• November 28, 2016

    Khizr and Ghazala Khan.

    Khizr and Ghazala Khan

    Khizr Khan, the Gold Star father who spoke at the Democratic National Convention last summer, is writing a memoir with Random House. The still-untitled memoir will be published next fall, and details Khan’s life and the loss of his son Humayun Khan, who was killed while serving in the army in Iraq.

    NBC News correspondent Katy Tur has signed on to write a book about her experience covering Donald Trump’s presidential campaign. Unbelievable will be published by Dey Street Books next year.

    Charlie Hebdo, the satirical French magazine whose offices were attacked January 2015, is launching a German edition.

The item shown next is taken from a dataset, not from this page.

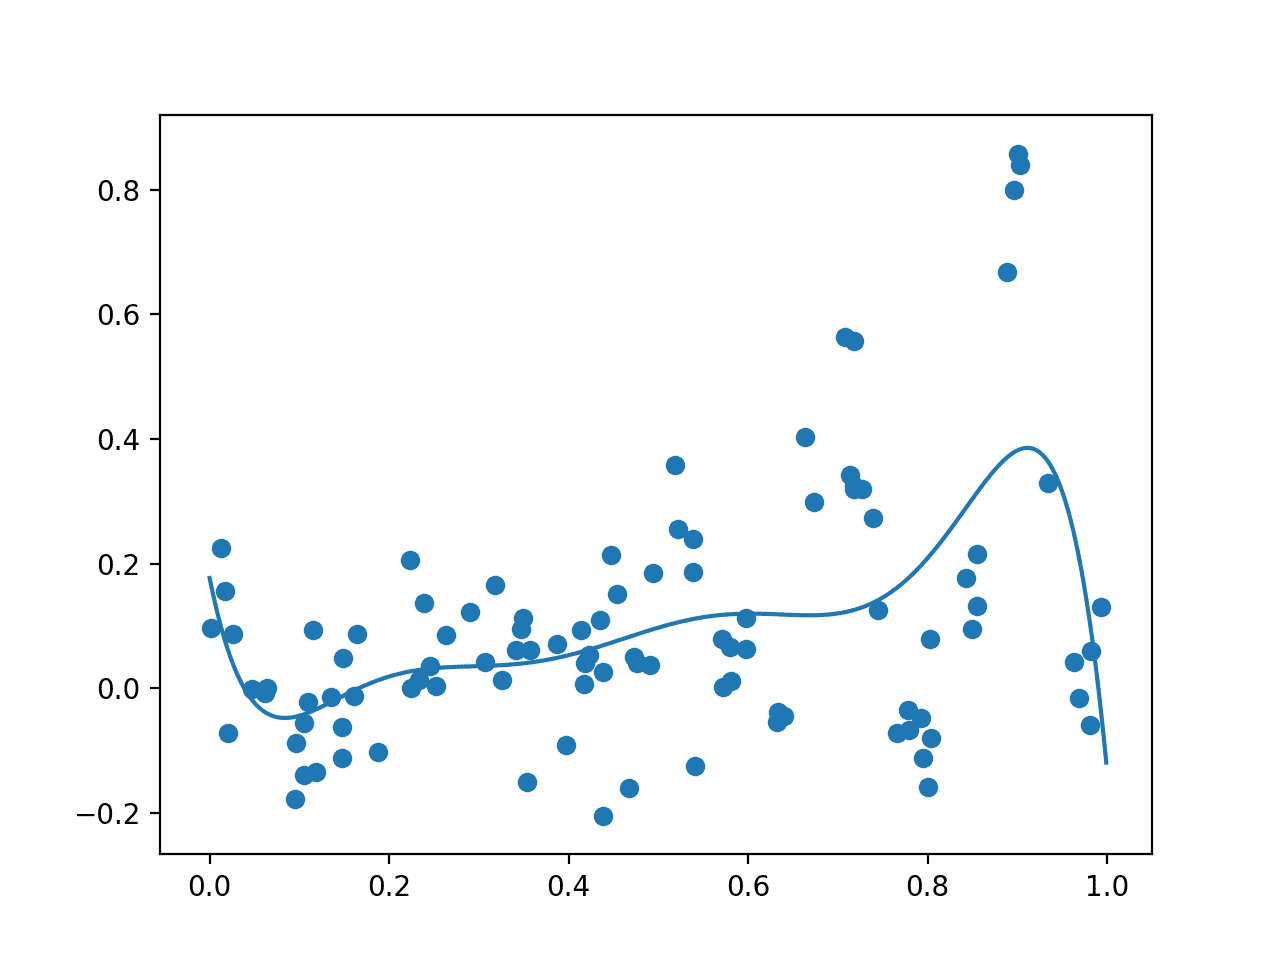 Plot of Initial Sample (dots) and Surrogate Function Across the Domain (line).

Content will be mainly translated cartoons and articles from the French edition, and will be available December 1.

    The Washington Post claims that the deluge of fake news and articles promoting conspiracy theories about Hillary Clinton were the product of “a sophisticated Russian propaganda campaign.” Based on reports by two different think tanks focused on foreign policy and technology, the article notes that the push to create real-time fact checking tools won’t be enough to stop the spread of misleading news posts: “The speed and coordination of these efforts allowed Russian-backed phony news to outcompete traditional news organizations for audience.”

    Fake news creator Jestin Coler talked to All Things Considered about propaganda, the post-fact era, and how Google’s decision to remove fake news sites from their ad network may not make a difference. Coler says that after Google banned one of his sites from their ad network, “my inbox was just filled everyday with people . . . hundreds of people wanting to work with my sites.” According to Coler, the only thing that can stop fake news are the readers themselves. “The consumers of content have to be better at identifying this stuff,” Coler said. “We have a whole nation of media-illiterate people.”

    Tonight at the 92nd Street Y, Renata Adler, Paul Devlin, and Wynton Marsalis celebrate the Library of America’s new collection of Albert Murray’s essays and memoirs.